◆ AVAILABLE DATA:

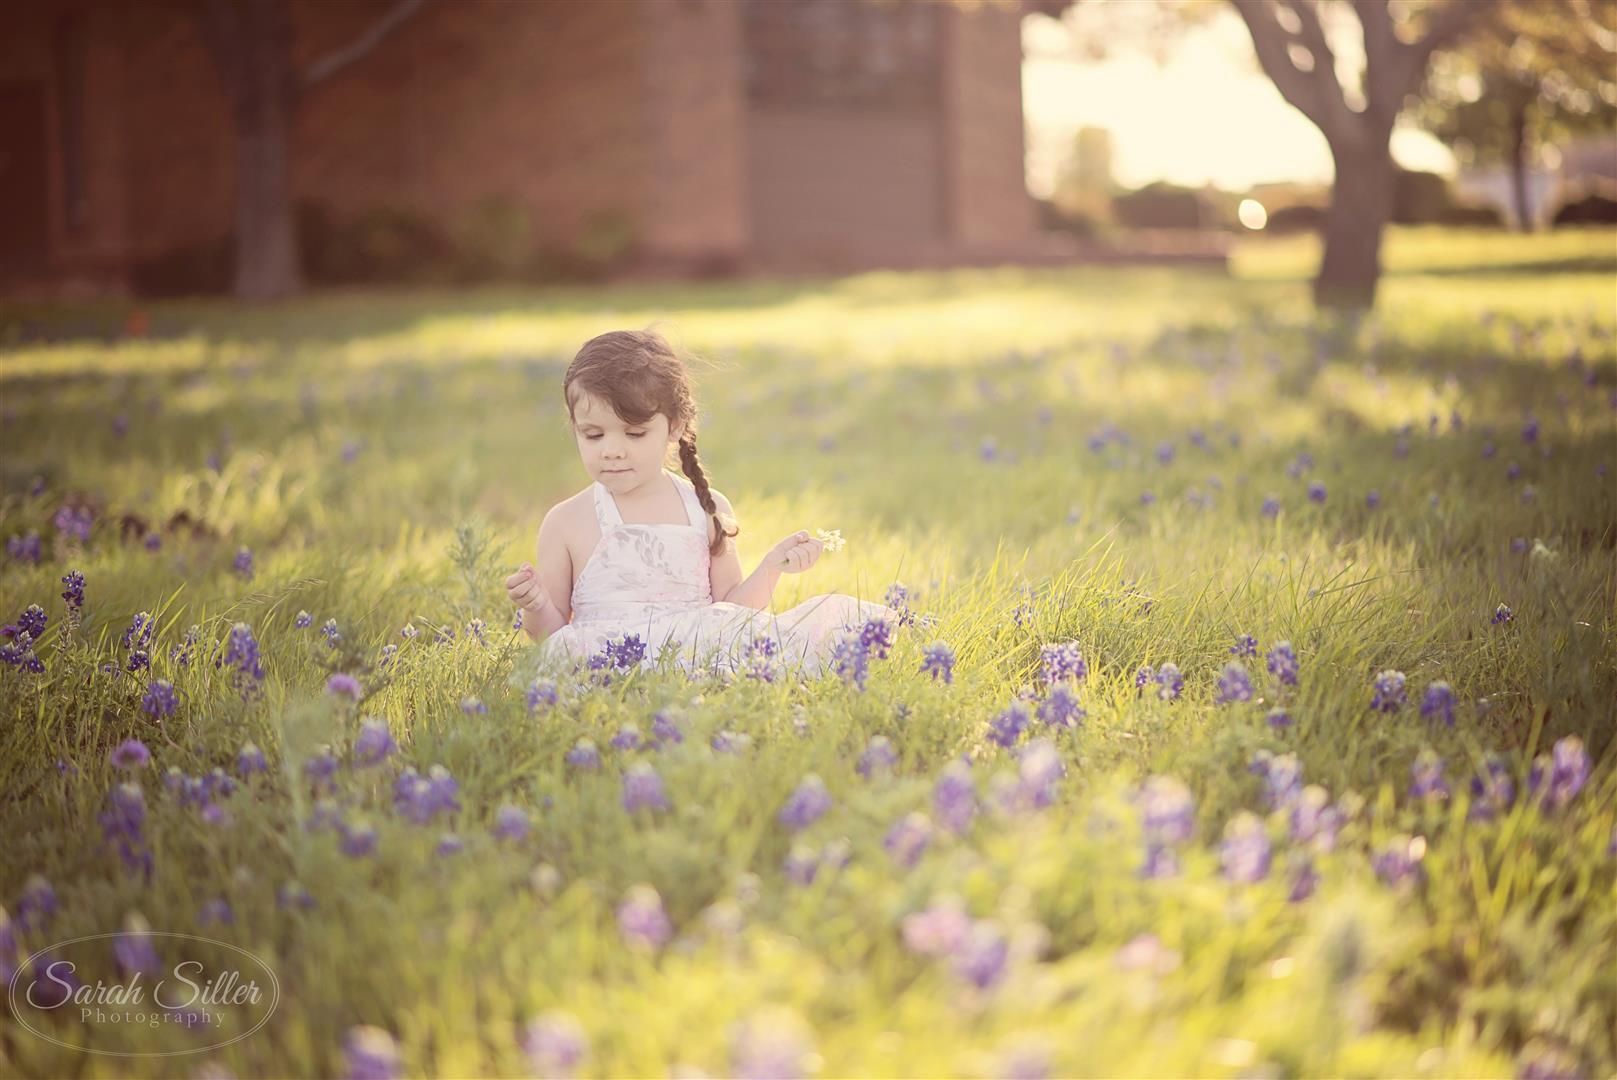 Sarah Siller Photography-13 (Large)
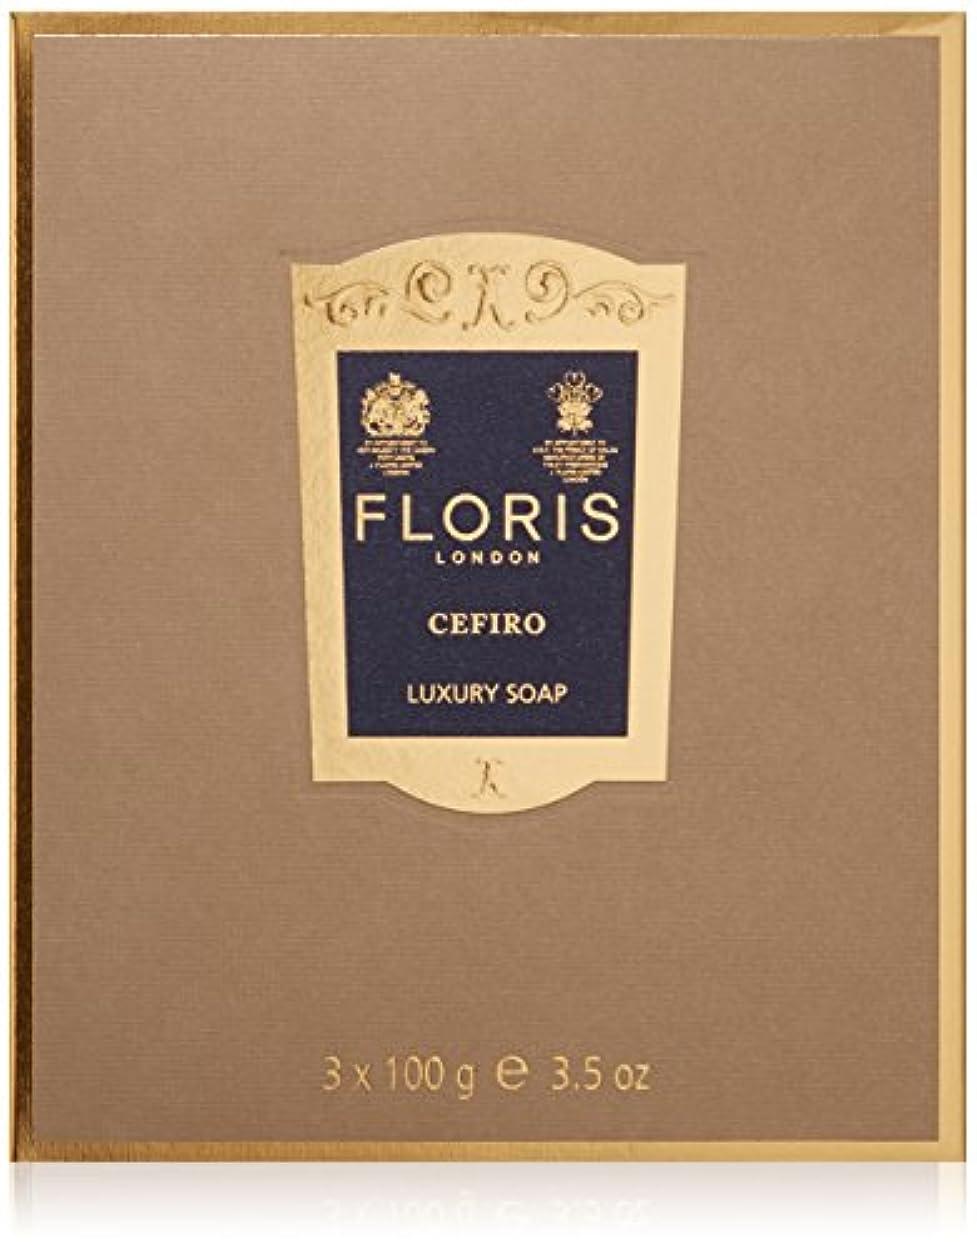 売る結晶お別れフローリス ラグジュアリーソープCF(セフィーロ) 3x100g/3.5oz
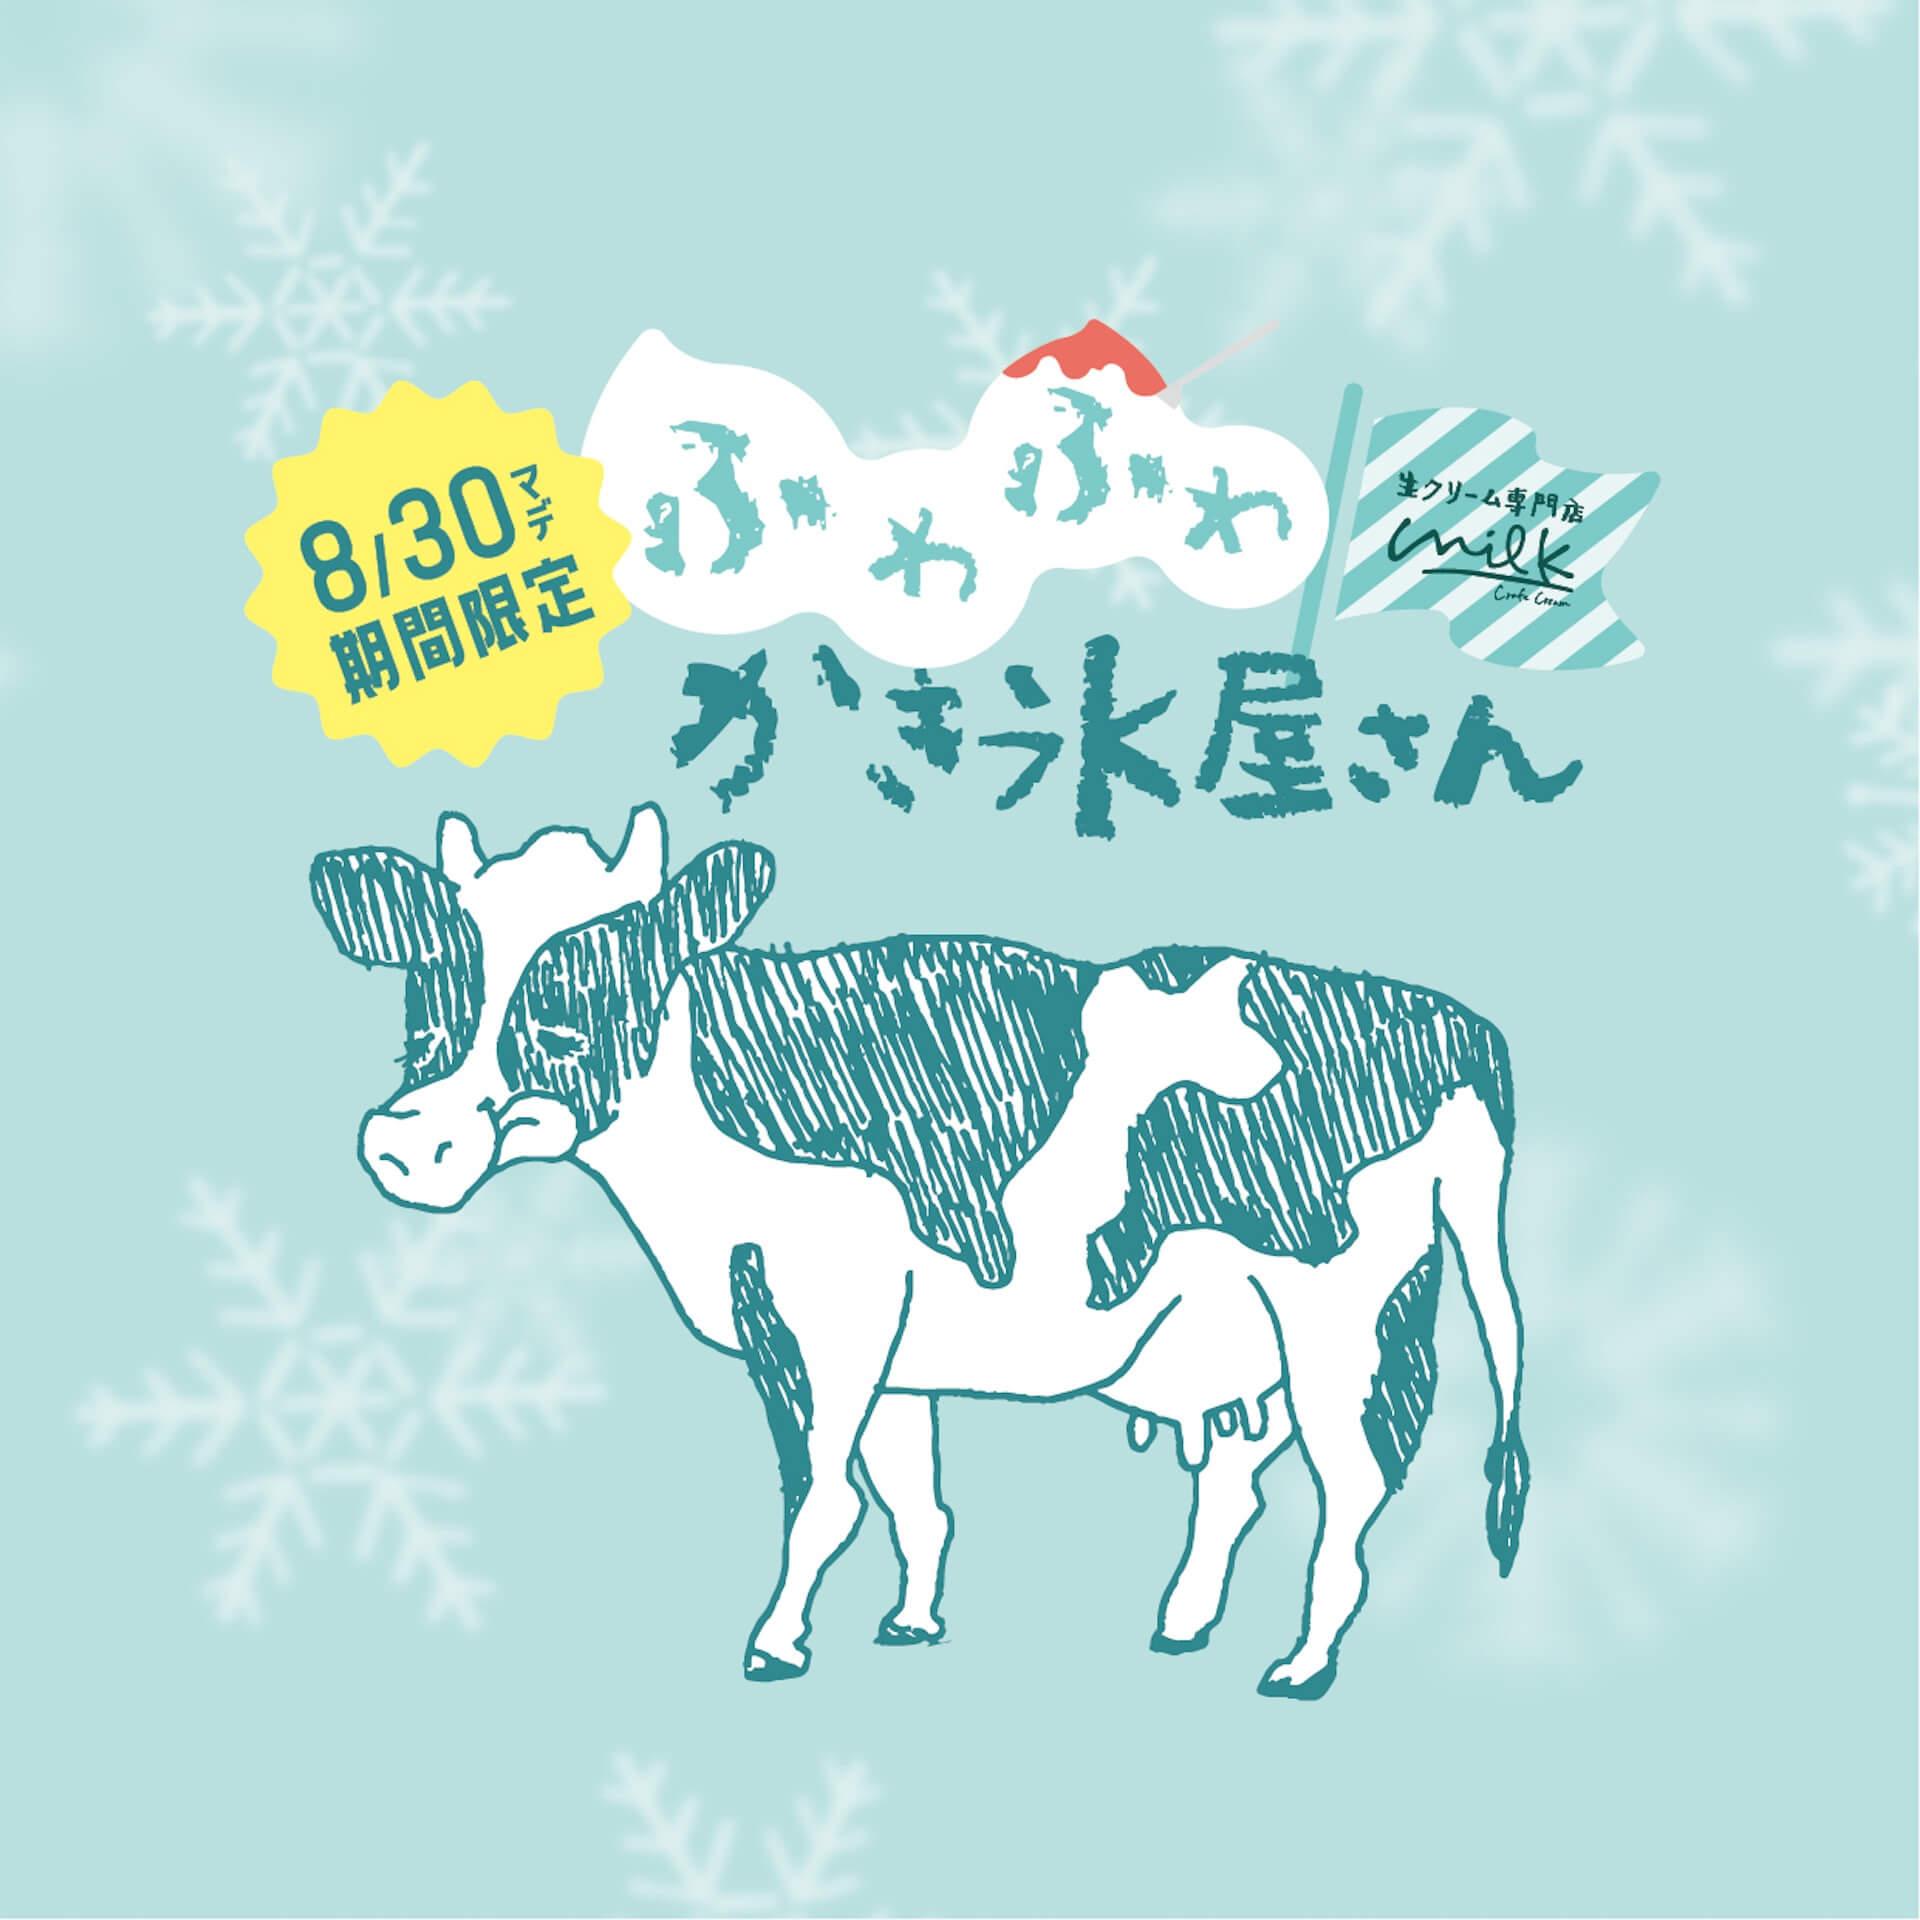 渋谷ミルクがかき氷屋さんに!ふわふわのいちごやマンゴーなどの果物のかき氷が食べ歩きサイズ・夏季限定で新登場 gourmet200709_milk_kakigori_02

◆ HOW TO COMPLETE THIS TASK: Each line above is to be repeated exactly as written; no picture is carried over.

◆ RESPONSE BELOW:
 Sarah Siller Photography-13 (Large)
 売る結晶お別れフローリス ラグジュアリーソープCF(セフィーロ) 3x100g/3.5oz
 渋谷ミルクがかき氷屋さんに!ふわふわのいちごやマンゴーなどの果物のかき氷が食べ歩きサイズ・夏季限定で新登場 gourmet200709_milk_kakigori_02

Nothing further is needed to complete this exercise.